Merci.Last edited by sachielle on Sun Sep 06, 2009 1:01 pm; edited 1 time in total

----------

## anigel

Bonsoir,

 *sachielle wrote:*   

> Je suis actuellement à la recherche d'une solution pour archiver mes boîtes mails personnelles. Utilisant Gmail (en principale, mais pas la seule), je n'ai pas très envie de laisser toutes mes conversations uniquement chez eux, et de voir un jour toutes mes données perdue pour je ne sais quelle obscure raison.

 

C'est une préoccupation plutôt sage  :Wink: .

 *sachielle wrote:*   

> J'ai trouvé quelques informations du côté de fetchmail, mais il a l'air plus prévu pour rapatrier les mails sur un compte local. Peut-être que je n'ai pas bien compris son fonctionnement... Ou qu'il peut être détourné ?

 

J'ai fait plus ou moins la même chose il y a quelques mois, dans un autre contexte. Le plus simple c'est fetchmail pour "sortir" tes mails de chez Google, et ensuite procmail si tu veux les re-traiter.

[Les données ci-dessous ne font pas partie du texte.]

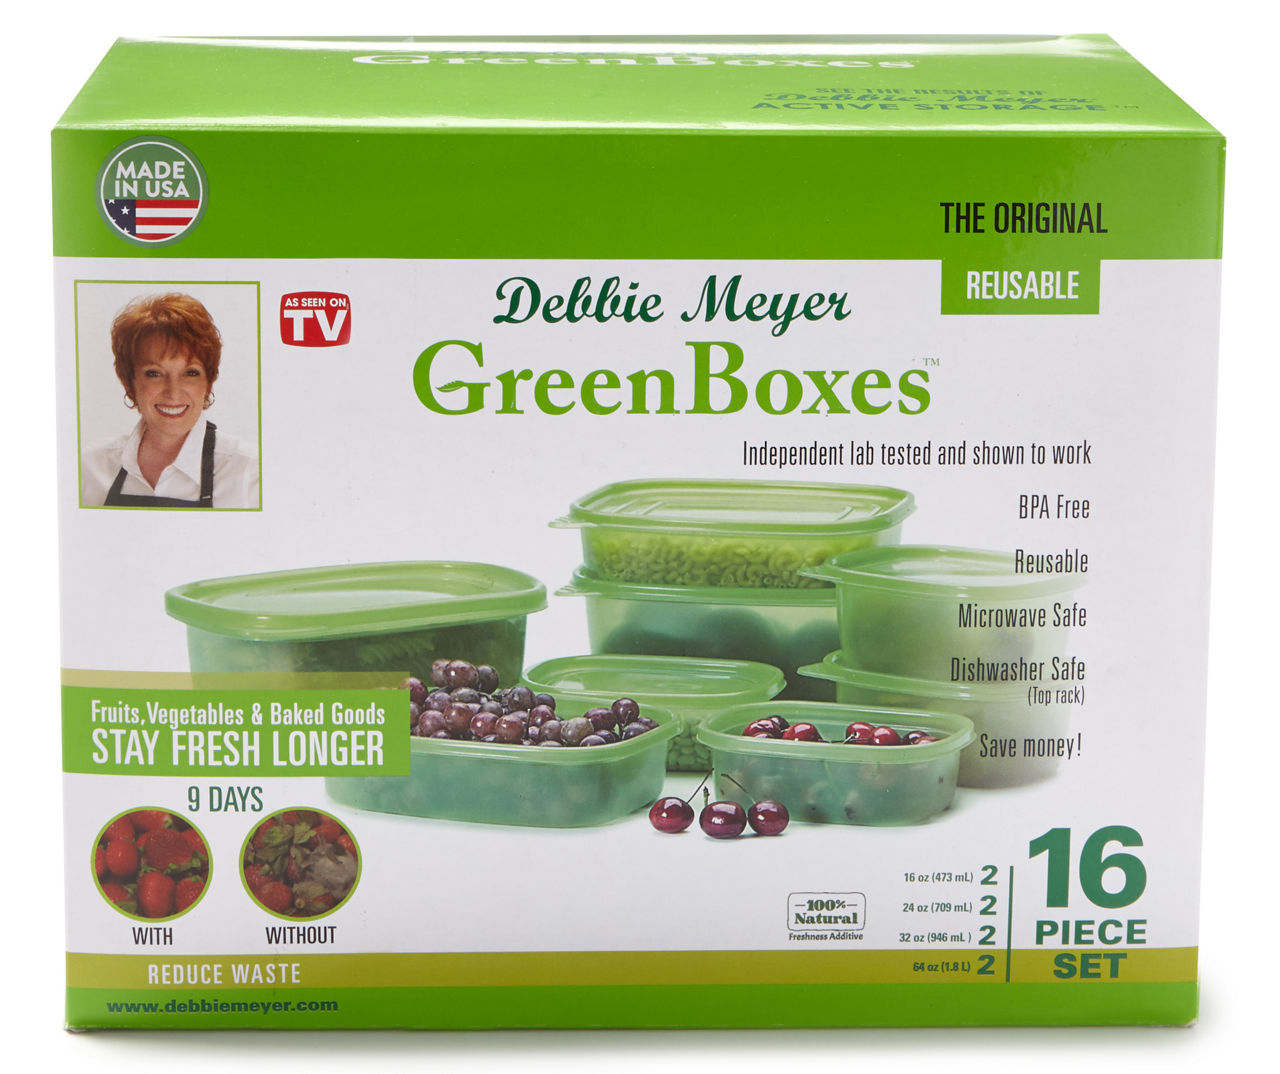 Debbie Meyer Green Bags

Mais rien que fetchmail devrait convenir pour ce que tu souhaite faire (il va stocker tout ça dans un format standard, style mbox).

----------

## sachielle

Merci beaucoup Anigel pour ta réponse.

Alors j'ai eu le temps de jouer un peu avec fetchmail, et il y a encore quelques points qui me gênent :

Tout d'abord, il faut lui adjoindre un smtp et tout un système de mail local, que je n'avais pas encore installé... Et j'avoue que juste pour un petit archivage, ça me dérange un peu de sortir l'artillerie lourde.

D'autre part, si je veux archiver deux boites distinctes (gmail + pro par exemple), il mélange tout dans la même boite locale. J'ai pas eu le temps de creuser procmail par contre, il peut éventuellement corriger ce problème.

Enfin, si j'en crois ce site http://mbrisby.blogspot.com/2007/11/fetchmail-for-gmail.html (je n'ai pas encore testé ce point), fetchmail passe tous les messages récupérés "non lu" à "lu"... Je sens que je vais rater quelques messages si je programme ça de façon totalement automatisée

Bref, c'est une solution que je vais surement utiliser, mais parce que je n'arrive pas à trouver mieux. Je suis franchement surpris qu'il n'existe pas un simple logiciel qui récupère une boite et la stocke dans un répertoire/fichier au choix tout bêtement...

----------

## geekounet

T'as aussi des outils comme imapsync ou offlineimap qui permettre de synchroniser une boite IMAP en local, et donc du coup de faire un backup. Et GMail supporte l'IMAP  :Wink: 

----------

## sachielle

Offlineimap fait exactement ce que je veux.  J'ai enfin une sauvegarde complète et automatisée de ma boite mail  :Cool: .

Bon, il n'y a que l'imap, mais je n'ai pas besoin de pop pour l'instant, donc c'est parfait.

Merci beaucoup pour votre aide.

----------